You might have to change a few things like names depending on your openssl.cnf
My intention was not to make the best tutorial around but instead to simply note all required changes to get SSL working in WAMP.
Make sure to set the right -days amount for your x509 certificate
I finally know why NSA can easily break into servers with such a complex process :D
Since Wamp bundles apache together with OpenSSL it might be better to separately install it??
I have WAMP 2.2E installed.
I ran into the same problem, and after about an hour of searching the internet and trying all sorts of things, I stumbled into discovering that openssl can be enabled by:
Clicking on the WAMP icon in the system tray,
Hovering on "PHP",
Then "PHP extensions",
Then looking very carefully for "php_openssl" in the long list of extensions.

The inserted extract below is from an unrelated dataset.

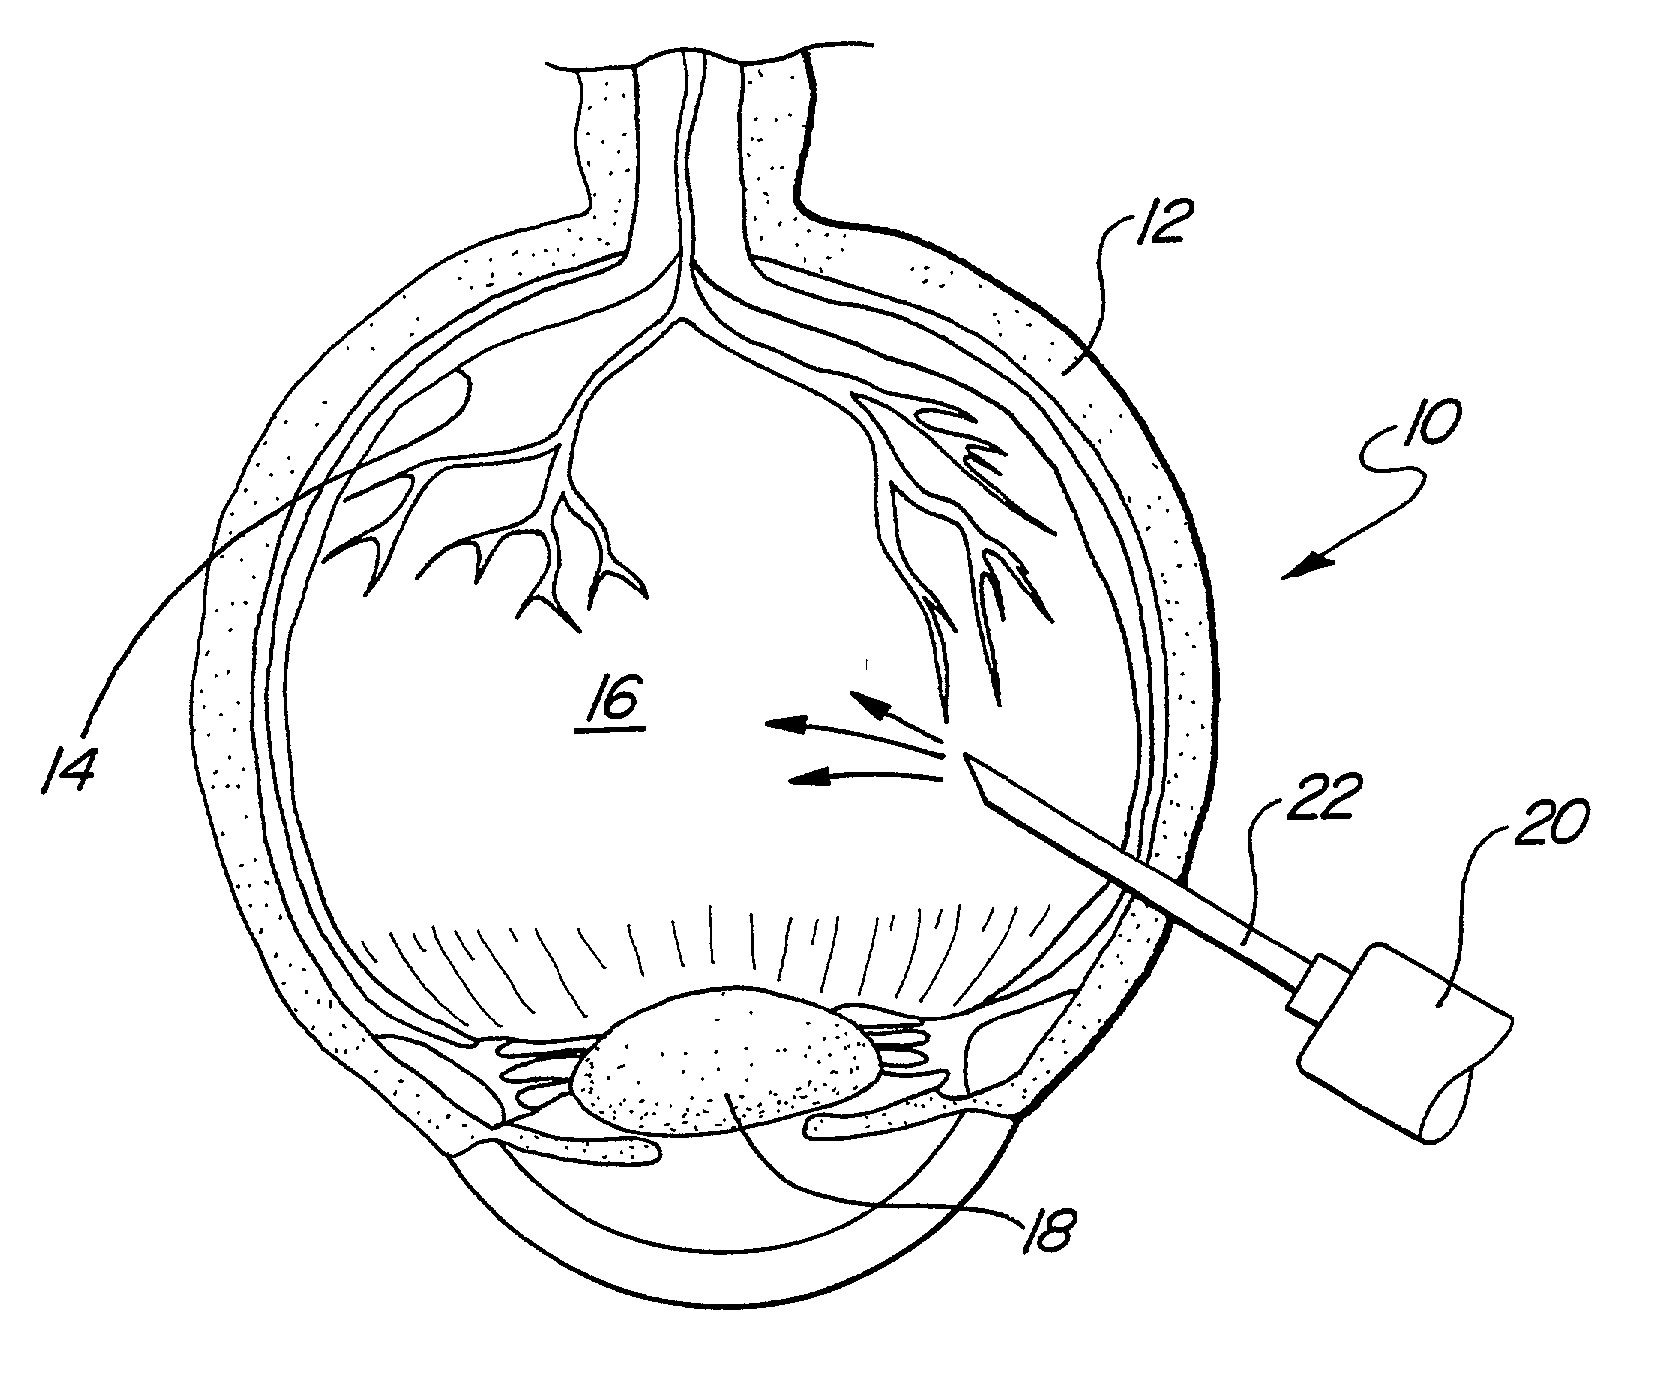 Method for creating a separation of posterior cortical vitreous from the retina of the eye

After following the excellent instructions from KAGRAN22, I ran into 2 errors:
AH00526: Syntax error on line 48 of C:/wamp64/bin/apache/apache2.4.9/conf/extra/httpd-ssl.conf:
Invalid command 'SSLCipherSuite', perhaps misspelled or defined by a module not included in the server configuration
That error is resolved by uncommenting this line
LoadModule ssl_module modules/mod_ssl.so
in httpd.conf.
Next I got this:
AH00526: Syntax error on line 74 of C:/wamp64/bin/apache/apache2.4.9/conf/extra/httpd-ssl.conf:
SSLSessionCache: 'shmcb' session cache not supported (known names: ). Maybe you need to load the appropriate socache module (mod_socache_shmcb?).
Which is resolved by uncommenting this line
LoadModule socache_shmcb_module modules/mod_socache_shmcb.so
in httpd.conf.
It should all work after that.
Facts:
It is not possible to configure SSL on WampServer Version 2.4 at least not in reasonable amount of time.
Normal person shouldn't be interested in dealing with this, because this is not practical nor normal way to do things.
SSL on Wamp is basicaly SM machine so if you have some masochistic needs please proceed with this.